CREATE TABLE IF NOT EXISTS `MyDatabase`.`TRK` (
`id` int( 11 ) NOT NULL AUTO_INCREMENT PRIMARY KEY ,
`latitude` float NOT NULL DEFAULT '0',
`longitude` float NOT NULL DEFAULT '0',
`altitude` float NOT NULL DEFAULT '0',
`datetime` datetime NOT NULL DEFAULT '0000-00-00 00:00:00',
) ENGINE = MYISAM DEFAULT CHARSET latin1 AUTO_INCREMENT=1 ;
What I've mentioned above is nearly universally true, although creating a lot of different indexes will eventually slow down your database. What I mention below is more in the deep magic category, it may help or hurt your performance. You should always explore the benefits using things like the EXPLAIN command. EXPLAIN is not a standard SQL command, so here is the Postgres and MySQL documentation.

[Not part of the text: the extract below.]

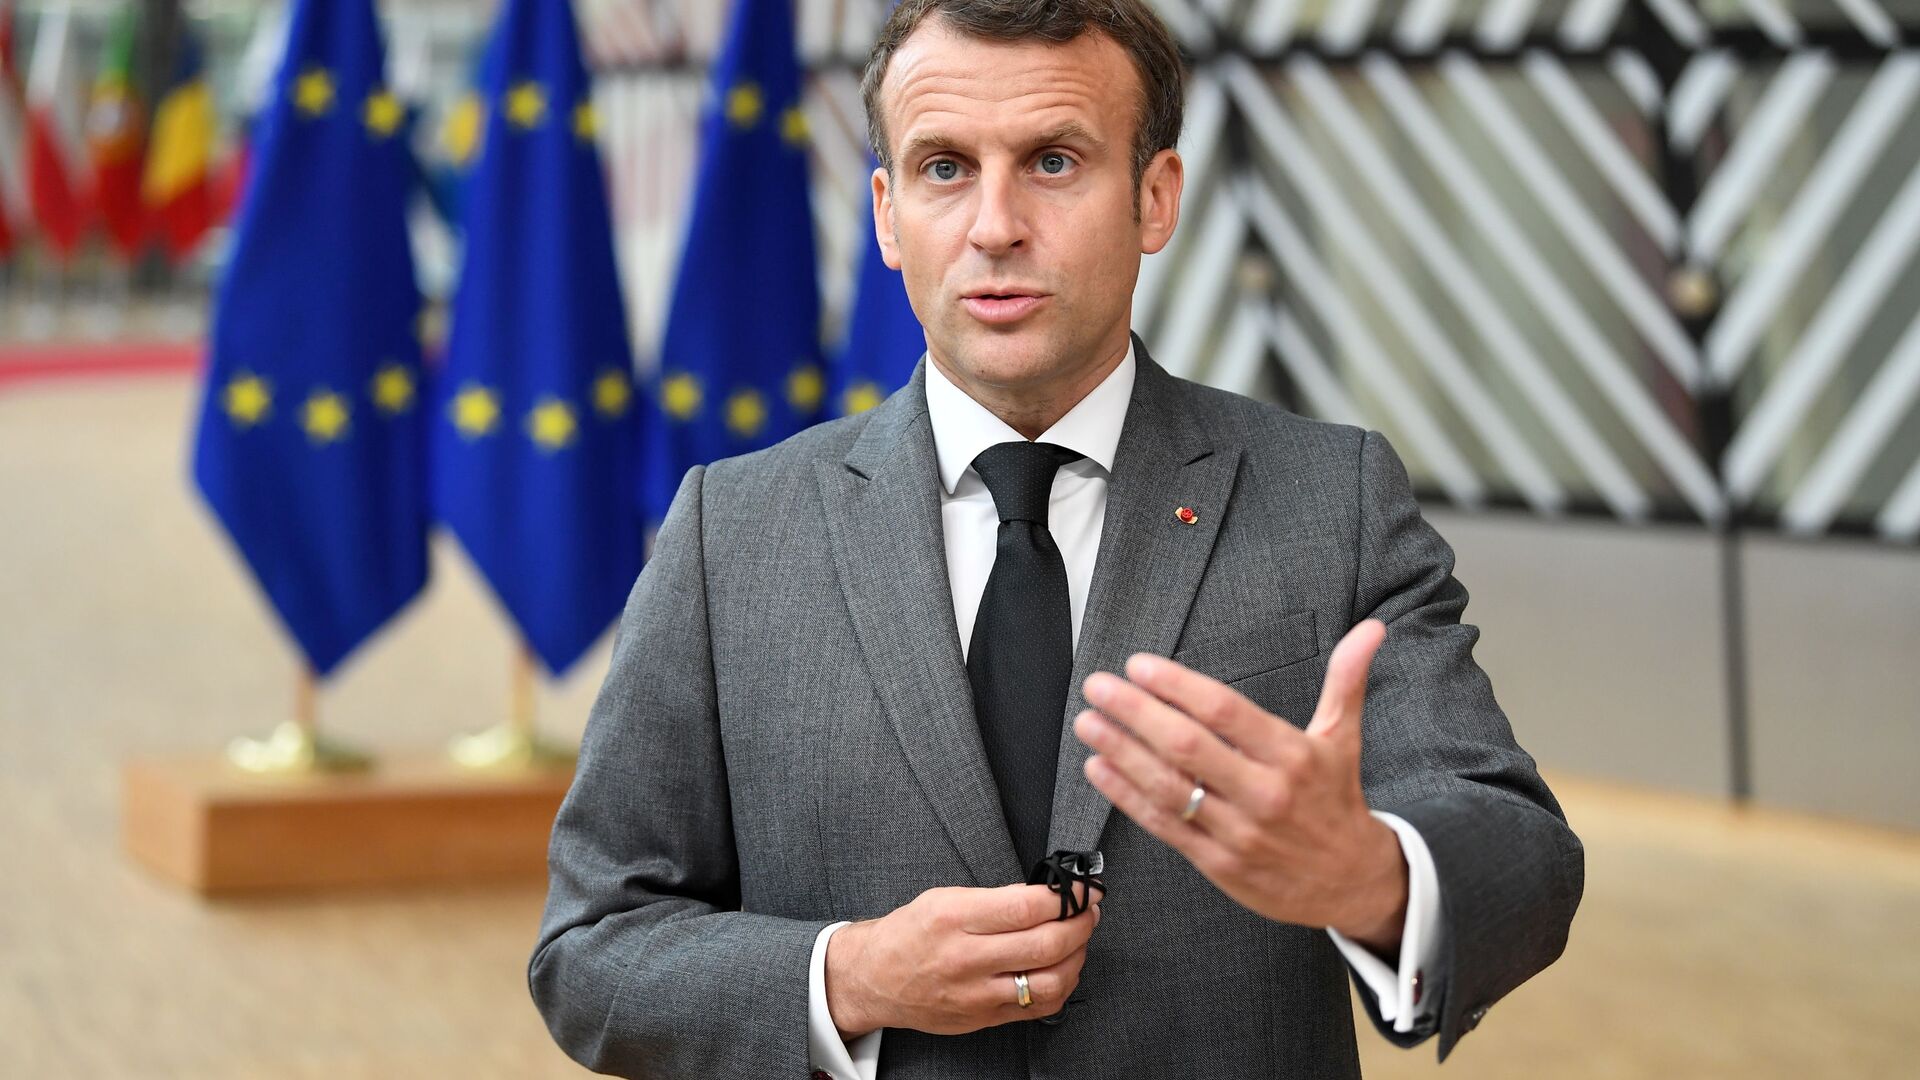 France's President Emmanuel Macron addresses the media as he arrives on the first day of the European Union summit at The European Council Building in Brussels, Belgium June 24, 2021. - Sputnik International, 1920, 04.02.2022

One trick on tables with lots of fields where we regularly need a very small subset of the data is to simply put all the fields in our index. My friend's database already had such an index, but the EXPLAIN command showed it was unused.
CREATE UNIQUE INDEX lldt ON `MyDatabase`.`TRK` (`latitude`,`longitude`, `datetime`);
By redefining this index with datetime first, MySQL will use it when running the search.
CREATE UNIQUE INDEX lldt ON `MyDatabase`.`TRK` (`datetime`, `latitude`,`longitude`);
So now the operation of the database is:
1. Retrieve a row from the index
2. Compare the datetime against the specified value
3. If it matches, return the row from the index and exit
4. Repeat until end of index reached
Combining the two indexes on my friend's database will help the performance of INSERT, UPDATE, and DELETE, but it may end up slowing down SELECT. Only by actually testing it would you be able to tell if it was worth it.